Once a Malay graveyard and a British military base in the colonial period, Sentosa was developed as a tourist attraction in the 1970s, when it was enlarged through land reclamation to merge with two neighbouring islets.
It was during the 2000s, when the government actively sought to persuade Asia’s jetsetters to take up residence in Singapore, that the Sentosa Cove residential enclave was developed.
Constructed on more reclaimed land, and hosting over 2,000 homes, Sentosa Cove has private houses, but 80 percent of the properties are condominium apartments overlooking the marina and man-made waterways snaking through the complex.
“That kind of lifestyle, you can’t get it anywhere else in Singapore,” said realtor Bruce Lye, whose agency SRI is currently marketing several properties including a house that comes with a Lamborghini sports car.
But nowhere is perfect.
When Singapore’s property market began a slide in end-2013 that lasted for nearly four years, Sentosa was hardest hit.
During the downturn, prices for Sentosa Cove apartments fell 35 percent from where they started 2013 compared with a 10 percent drop on the mainland, according to real estate services firm Colliers International.
The Singapore market stabilised in 2017, recording its first annual rise in four years, albeit a meagre 1.1 percent, and even Sentosa stopped falling.

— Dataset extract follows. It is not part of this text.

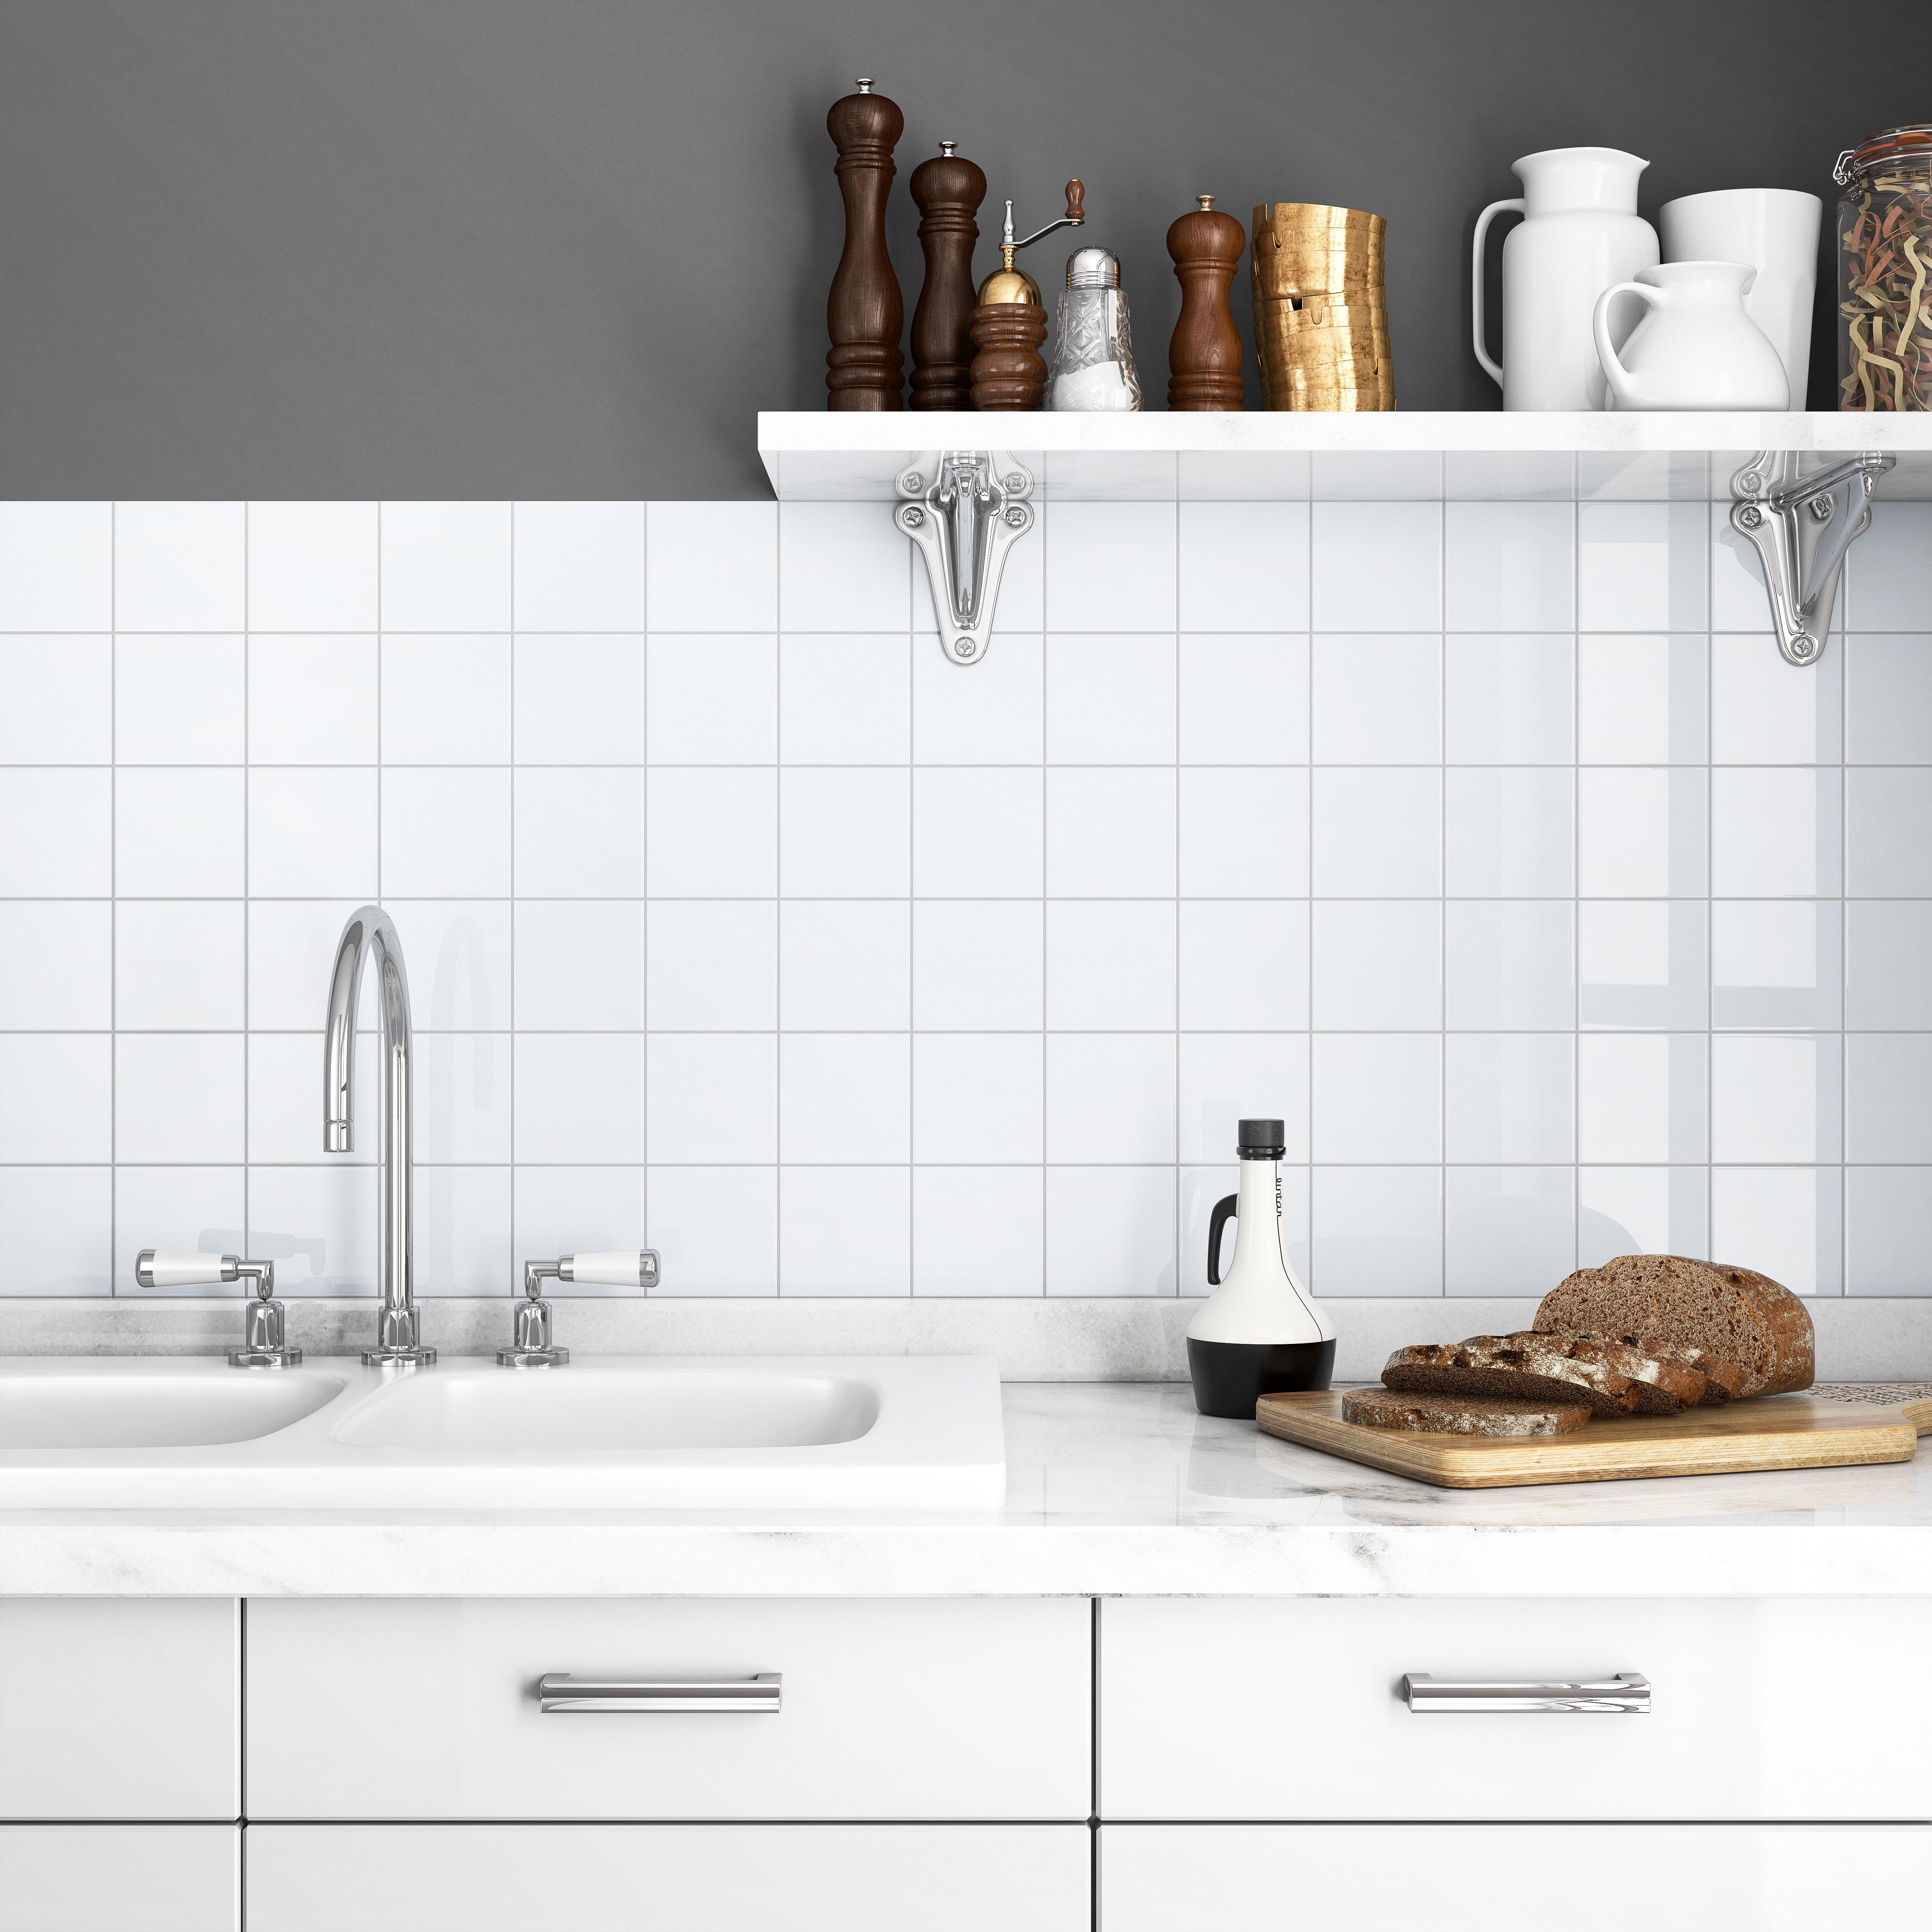 - BOX OF 80 White 4x4 Shiny Glossy Finish Ceramic Tile Backsplash

“Sentosa prices appear to be finding a footing,” Tricia Song, Colliers’ head of Singapore research, referring to apartments as the market for houses is more rarefied and difficult to assess.
Song expects Sentosa properties to lag prime real estate on the mainland as the location is less convenient for most people.
The sea views, the greenery, the two 18-hole golf courses, a casino and a marina festooned with quayside restaurants are selling points, transport links aren’t.
Day trippers visiting the Universal Studios theme park or the bar restaurants that line the beach use a cable car and a monorail. Otherwise, access and connectivity to the mainland are awkward for residents.
Motorists have to use a causeway, though jams have been reduced by a one-way tunnel for traffic leaving Sentosa that was opened in April.
The kids might still have a longer commute to school than their classmates, and residents may pay over the odds for groceries, but these are choices that some people can afford to make.
A Singaporean woman who runs a commercial property business and lives with her husband in a Sentosa Cove apartment that she paid S$3.8 million ($2.91 million) for in 2016, and she isn’t cribbing.
They enjoy the lifestyle – renting yachts on the weekend and having relaxed brunches at sea-front restaurants.
“We have to drive five minutes into the Cove, so it’s a bit inside, but we all have cars…so it’s not too bad for me,” said the 36-year-old mother of three, who did not wish to be named.
Getting the kids to school wasn’t a problem.
“I have a chauffeur for them.”
After the hiatus of the past few years, there are signs that interest in buying on Sentosa is reviving, though more slowly than for the rest of Singapore.
Property services firm JLL said 65 units were transacted in 2017, more than double the 31 in 2016. It expects deals to increase further in 2018.
“As prices in Sentosa Cove have fallen significantly, some buyers are seeing value in the properties there, leading to a pick-up in transaction volume,” said Ong Teck Hui, JLL’s national director of research, Singapore.
Morgan Stanley forecast Singapore prices will increase 8 percent in 2018 and Credit Suisse forecast prices to go up by as much as 10 percent.
Ong predicts average prices of non-landed homes on Sentosa could rise 4-7 percent this year.